Тамара Владиславовна добросовестно посоображала, но, ничего не придумав, пожала плечами. Когда-то Глебский пытался ей намекать, что жизнь у него одинокая. Но рук он не распускал. Так что Панкратова попросту проигнорировала намеки. И они прекратились не меньше двух лет назад. Не мог же он теперь, ни с того ни с сего, затеять кровную месть? Не тот тип. И потом – звонила женщина.

– Понимаешь, в чем подлость? – риторически спросила Надежда.

– Пока не выясним все, нельзя тебе на работу устраиваться.

– Почему? – с тоской спросила Панкратова.

– Томка! – Надежда погрозила дымящейся сигаретой. Точно вензель дымом вывела. – Соберись! Тут одной моей энергии мало. Нужны твои методичные мозги. Слушай: если мы найдем тебе приличное место, а эта гадина опять позвонит? Тебя снова выпрут! Пустые хлопоты получатся. Нет – даже еще больший вред: и место испортим, и распространению сплетен поможем.

– Как ты все здорово чувствуешь, – признала Панкратова задним числом правоту подруги. – Прямо как ясновидящая.

– Ты о чем? – насторожилась Надя, не любившая комплиментов. Она считала, что люди чаще врут, именно нахваливая в глаза. Лесть – лучшая прелюдия гипноза.

– Хорошо, что ты не привела меня к себе, в страховую, – объяснила Тамара.

– Точно. Не дай бог, если бы она звонила моему начальству или твоим клиентам. Такая срамота. Но куда тебя пока пристроить?

– А если предупредить?

– Что будут клеветать? – с полуслова поняла подруга. – Ага, чтобы тебе сразу отказали. Нет уж, неприятности надо переживать по мере их поступления. Или все-таки попробовать на упреждение? Посмотрим. Вот еще: нужно тебе так научиться наряжаться, чтобы никто даже и подумать не мог, что ты охотница на мужиков. Фигурку и мордаху твою замаскировать трудно, но нужно попытаться. – Она прищурилась, будто прицеливаясь.

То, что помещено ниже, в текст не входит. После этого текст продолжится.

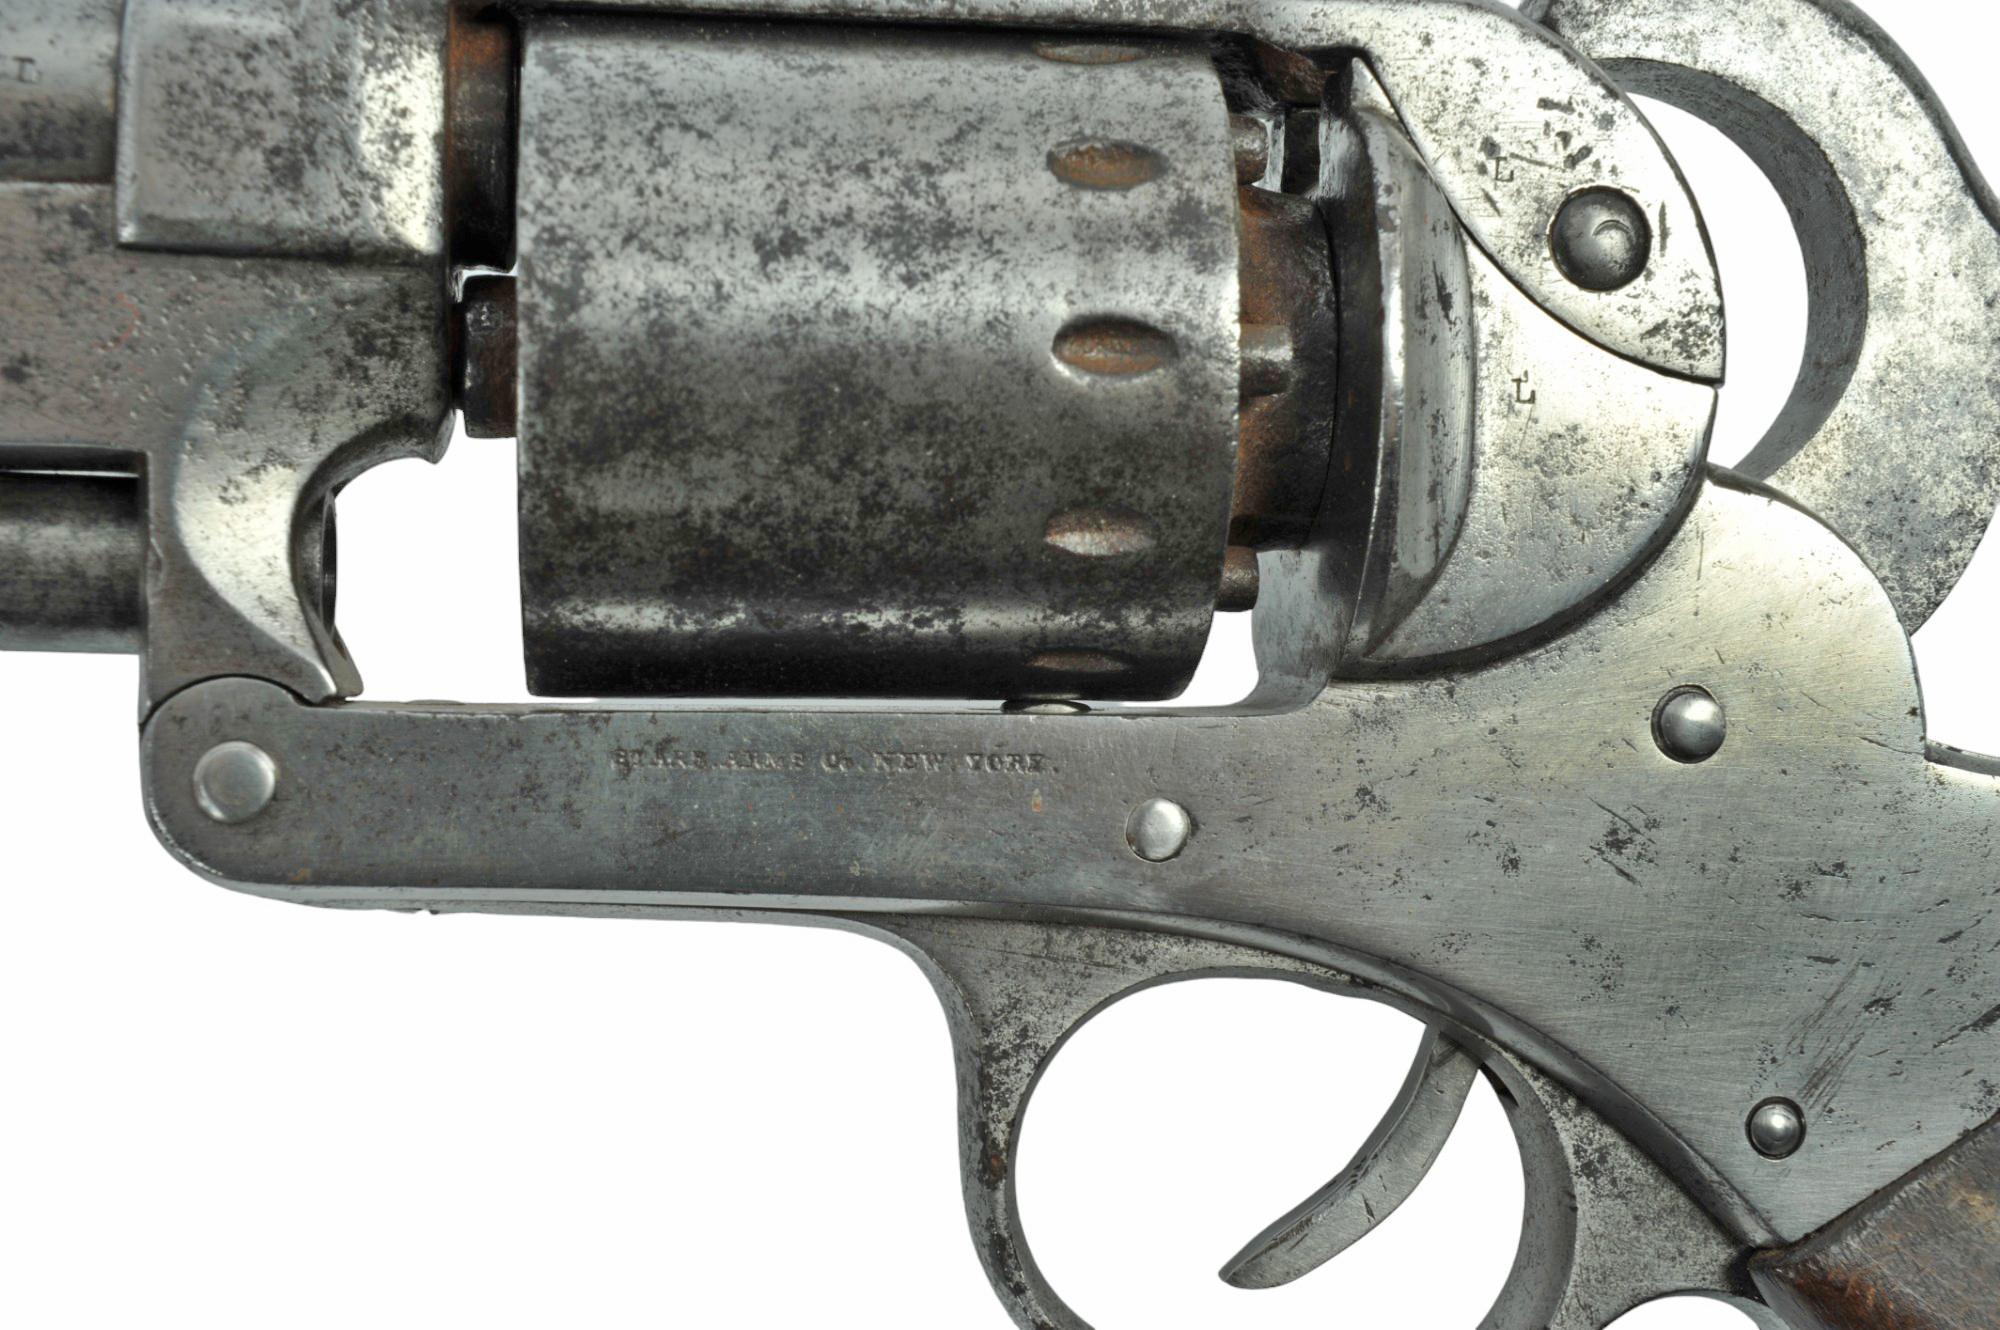 Civil War era Starr M1858 .44 Caliber Double-Action Percussion Revolver (A1)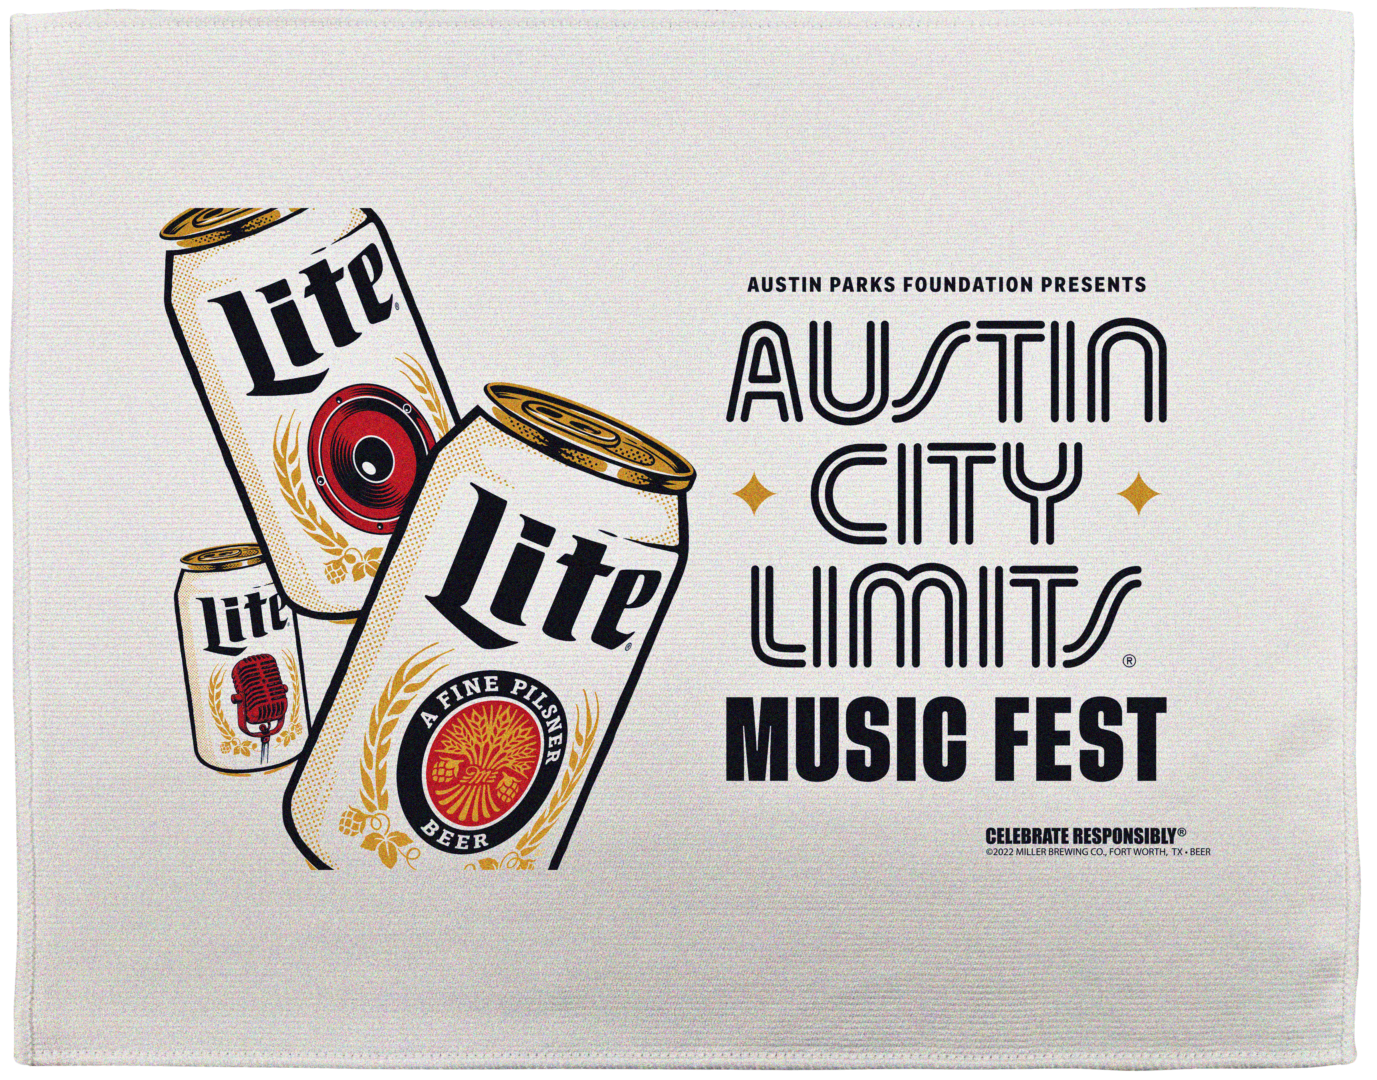 Austin city limits music fest text in white cloth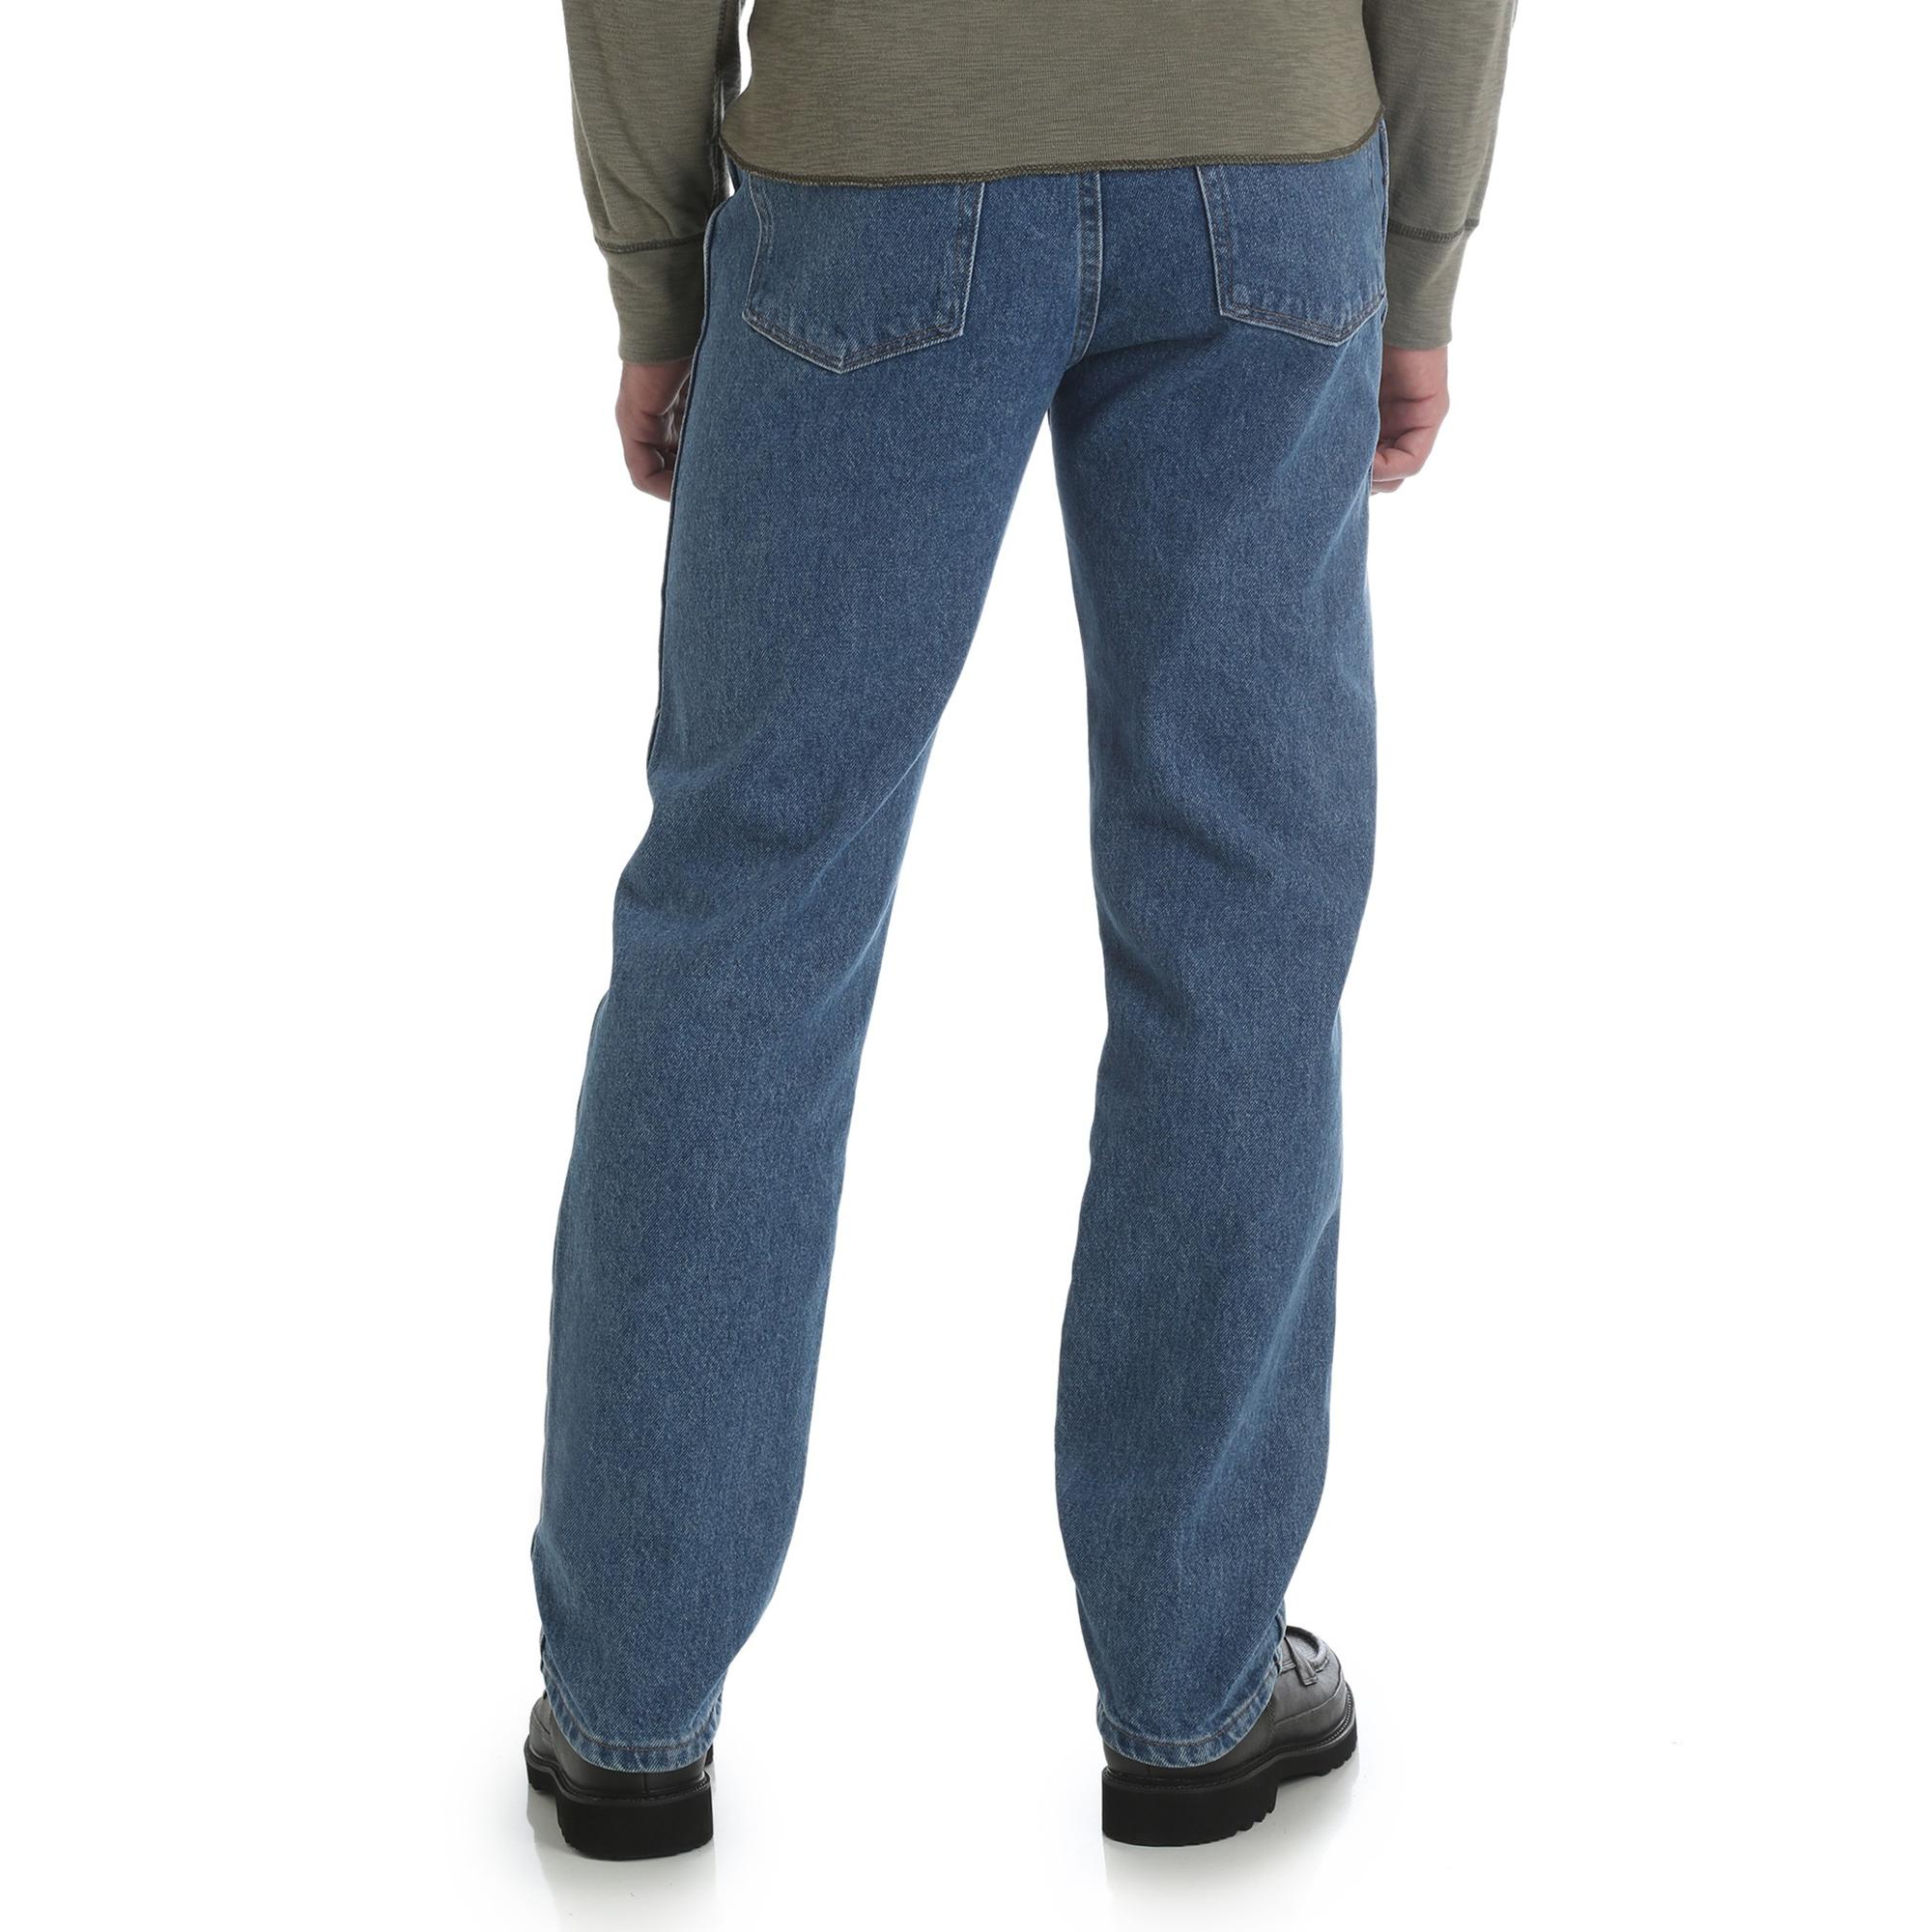 Wrangler Rustler Men's and Big Men's Regular Fit Jeans - image 7 of 7

В своей переменчивой биографии Надежда некоторое время проработала и в парикмахерской. А в последнее время, разбогатев, немало времени провела, выбирая себе салон по вкусу. Так что толк в макияже и нарядах она знала не только по телепередачам о праздниках моды. Панкратова, отнюдь не уверенная в своей неотразимости, представила себя замаскированной, и поежилась. Но возражать не осмелилась.

– Значит, решено, – закончила военный совет обретшая азарт Кузнецова. – Я разбираюсь с Глебским. Ищу тебе фирму, в которой мое слово перевесит возможные наветы. А ты – сиди и думай. Кому ты могла так насолить, чтобы загорелись сжить тебя со свету?

– Не знаю.

– Глупости. Ты не можешь не знать того, кто желает тебе зла.

– Почему? То есть почему желает?

– Господи! Это ты меня спрашиваешь? Лучше подумай о том, кому выгодно, чтобы тебя отовсюду увольняли.

– А кому это может быть выгодно? – Тамара взмолилась, потому что ситуация казалась ей запредельно абсурдной. – Какая может быть выгода, если не давать человеку работать?

Кузнецова задумчиво пожала плечами. Она знала цену деловым качествам подруги: чтобы удерживать ее на работе – резонов было немало. Чтобы выгонять – никаких. Впрочем, в сумасшедшее время и резоны сумасшедшие.

Свои неприятности Кузнецова так с Панкратовой и не обсудила. Не тот был момент. Слишком придавленной выглядела подруга.